Adelheid Steinmann (born Adelheid Holtzmann; 26 April 1866 in Heidelberg – 20 January 1925 in Bonn) was a German politician, women's rights activist and wife of Gustav Steinmann.

==Life==
===Family===
Adelheid Holtzmann was born on 26 April 1866 in Heidelberg to Protestant theologian Heinrich Julius Holtzmann and his wife Karoline Weber, daughter of the historian Georg Weber. Her brothers included the historian Robert Holtzmann and the hygienist Friedrich Holtzmann. In 1886, she married the geologist Gustav Steinmann. The couple had a son. One of her grandsons is Wulf Steinmann (born 1930), former member of the European Academy of Sciences and Arts and president of LMU Munich (1982–1994).

===Work===
Steinmann successfully fought for the female education at German universities. Baden became the first country in the German Empire where women had been enrolled for the winter semester 1899/1900 at the University of Freiburg. Until then, women in Germany were only allowed to study with a special permit, or they had to be admitted as a guest. The special permit was only given to women who studied under the "supervision" by a husband. When Prussia admitted general women's studies in 1908, 190 female students were already studying in Freiburg. Steinmann became chairwoman of the Verein Frauenbildung-Frauenstudium from 1900 to 1914.

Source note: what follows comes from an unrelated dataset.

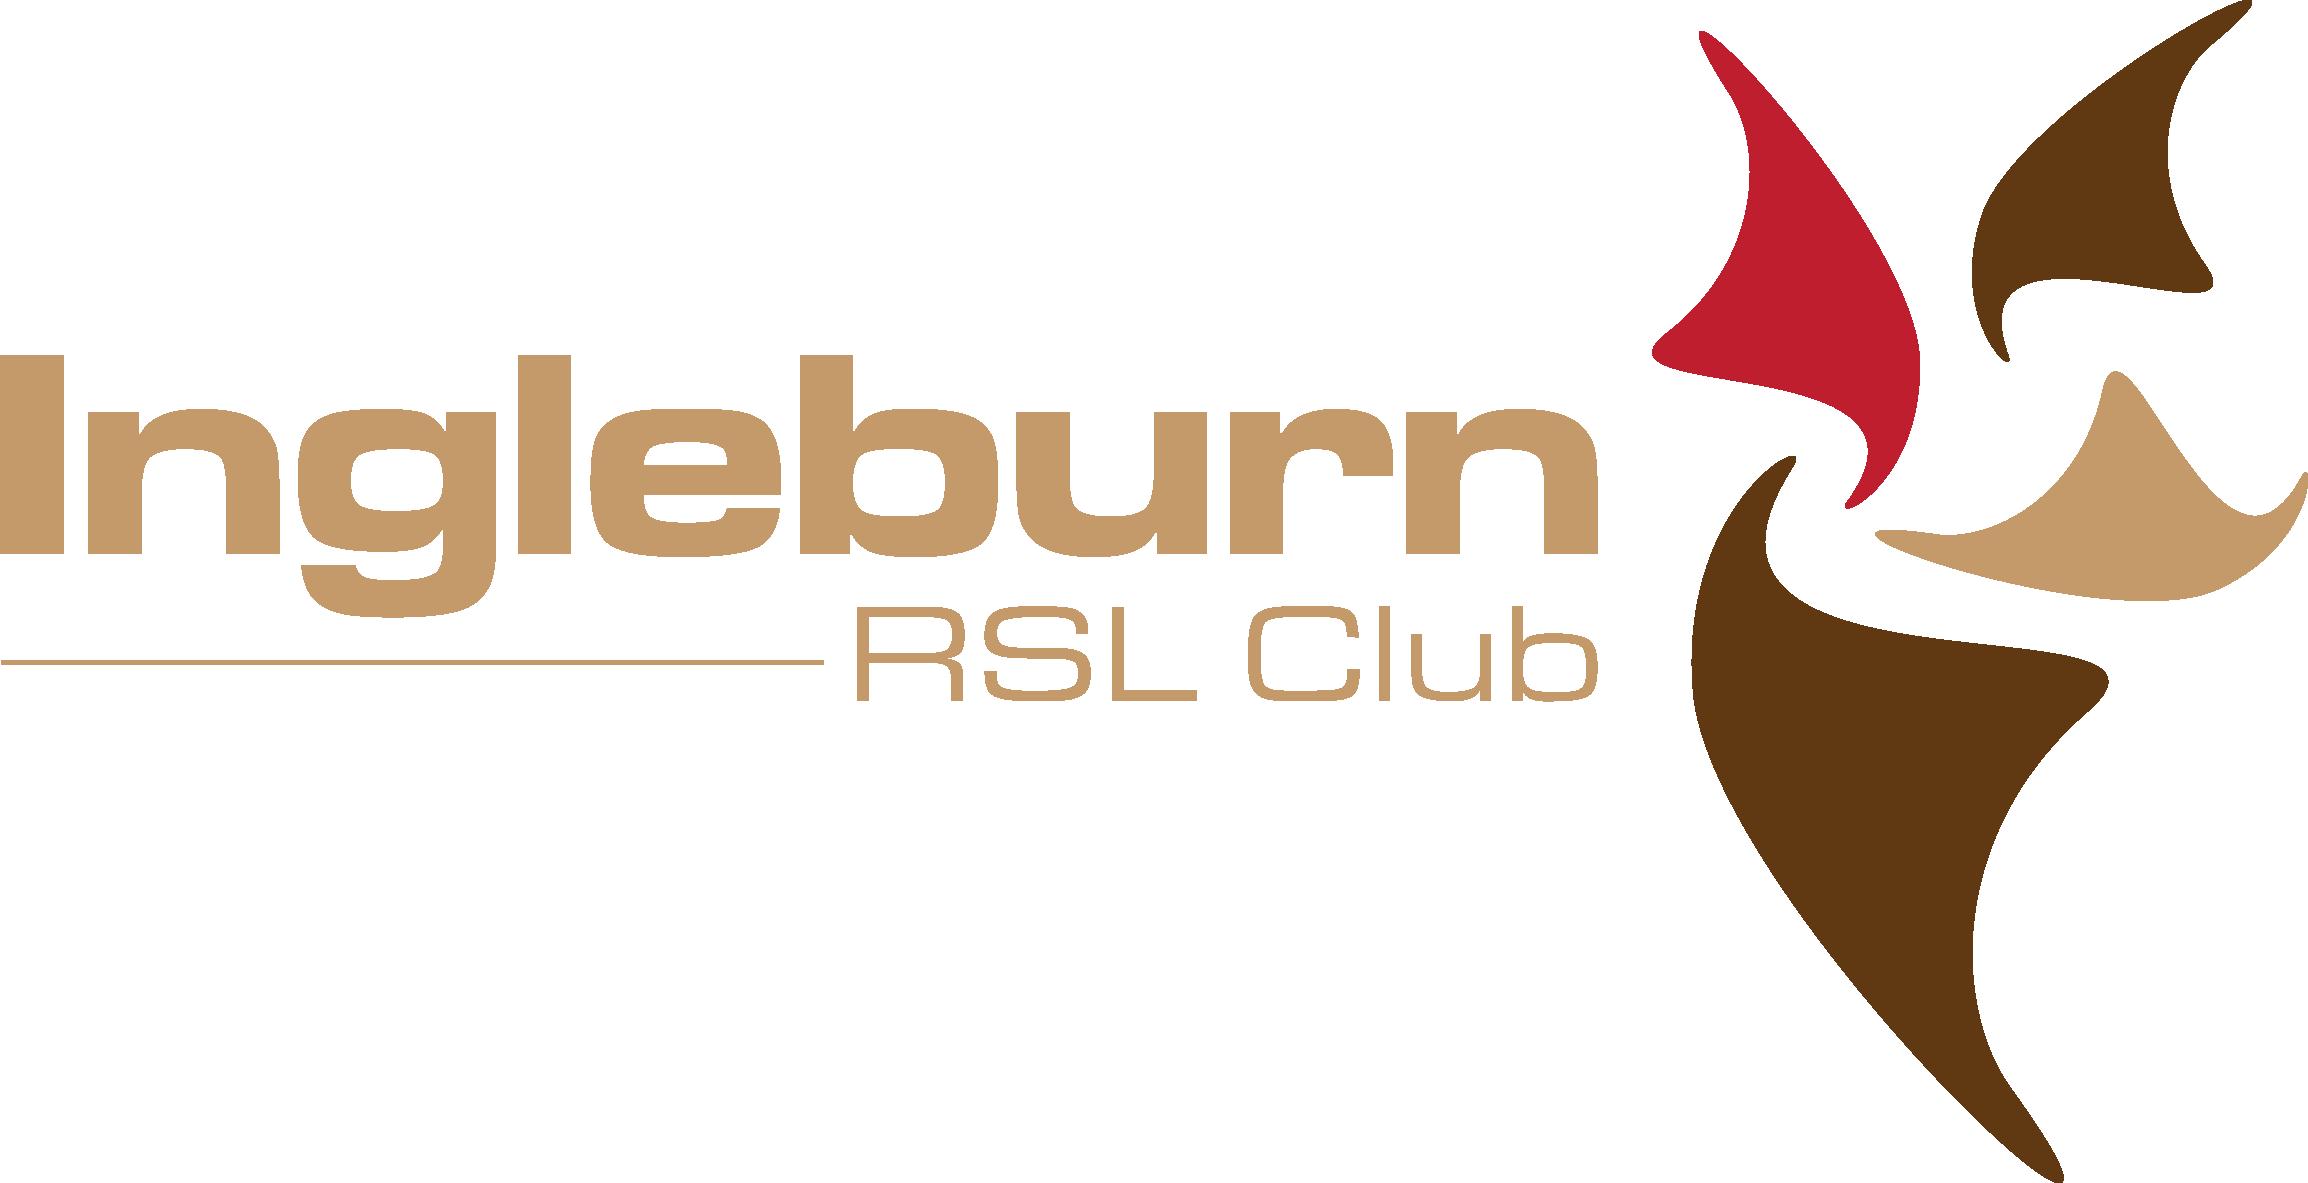 Ingleburn RSL Club
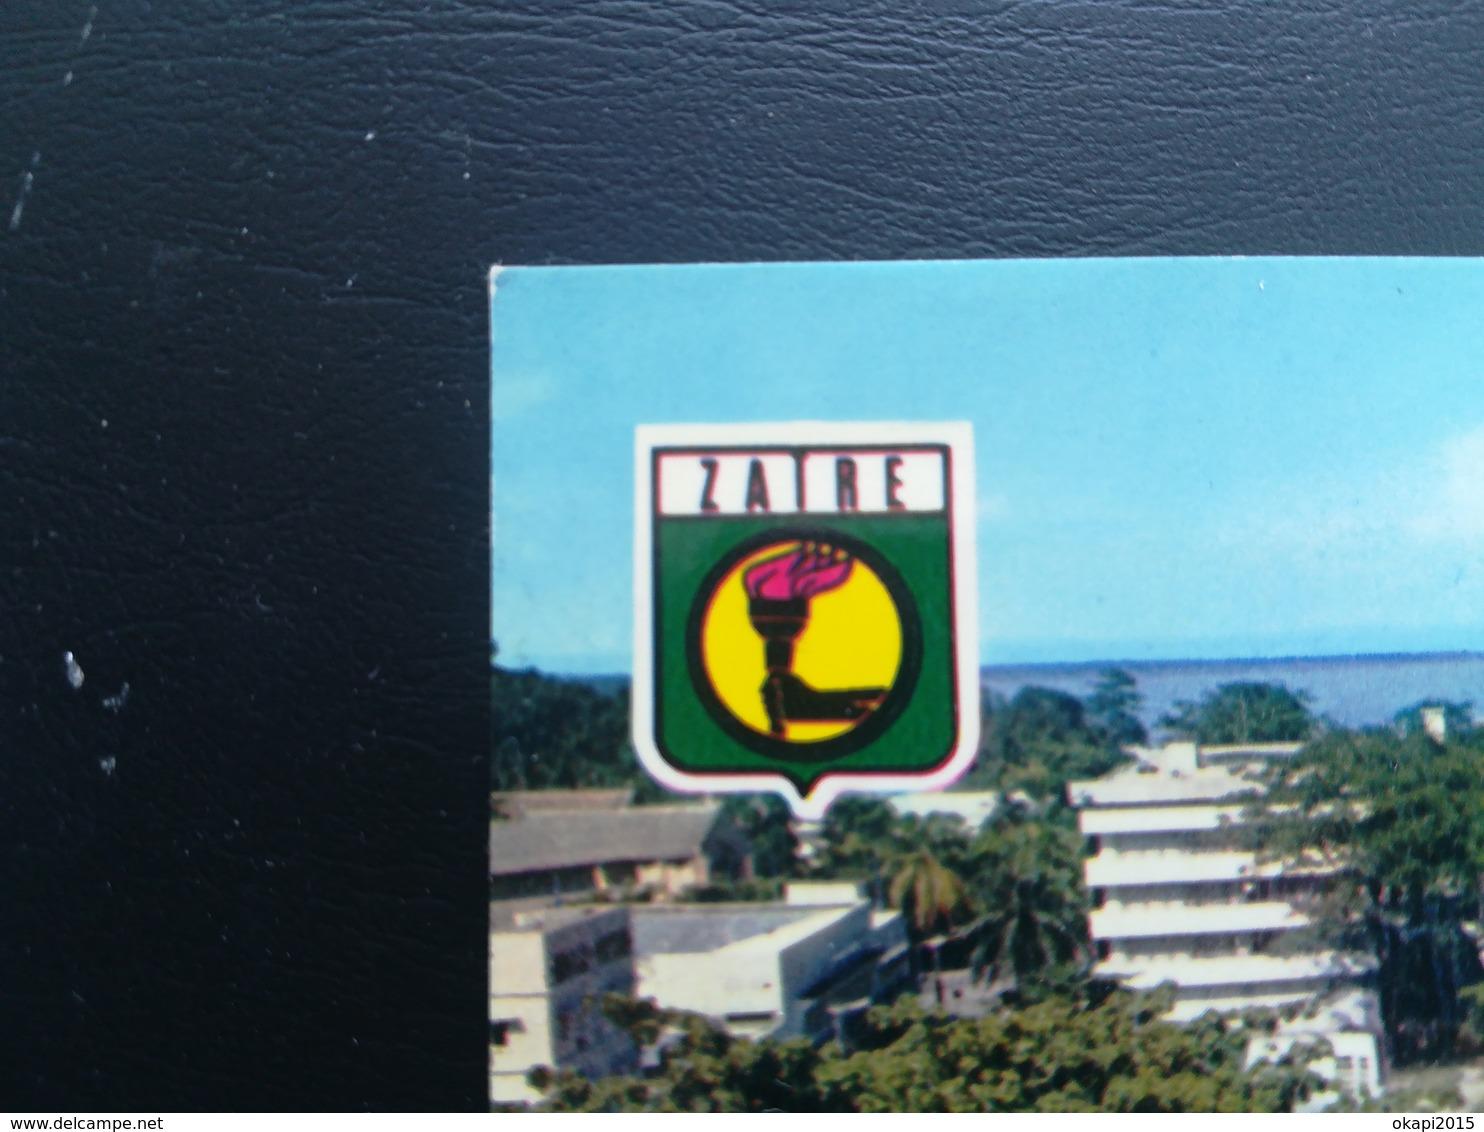 ZAÏRE KINSHASA BLVD DU 30 JUIN STATUE STANLEY LÉOPOLDVILLE DÉBOULONNÉ REMPLACÉ PAR UN ZAÏROIS  3 CARTES POSTALES + PHOTO - Kinshasa - Léopoldville

After 1908, her work shifted increasingly into the political sphere, the goal being the women's suffrage. Since 1912, she worked with Julie Bassermann (1860–1940) in the Reichsfrauenausschuss of the National Liberal Party (Nationalliberale Partei). In 1918, Steinmann co-founded the left-wing German Democratic Party (DDP) and became vice-president. The first presidency was reserved for a man, Friedrich Naumann.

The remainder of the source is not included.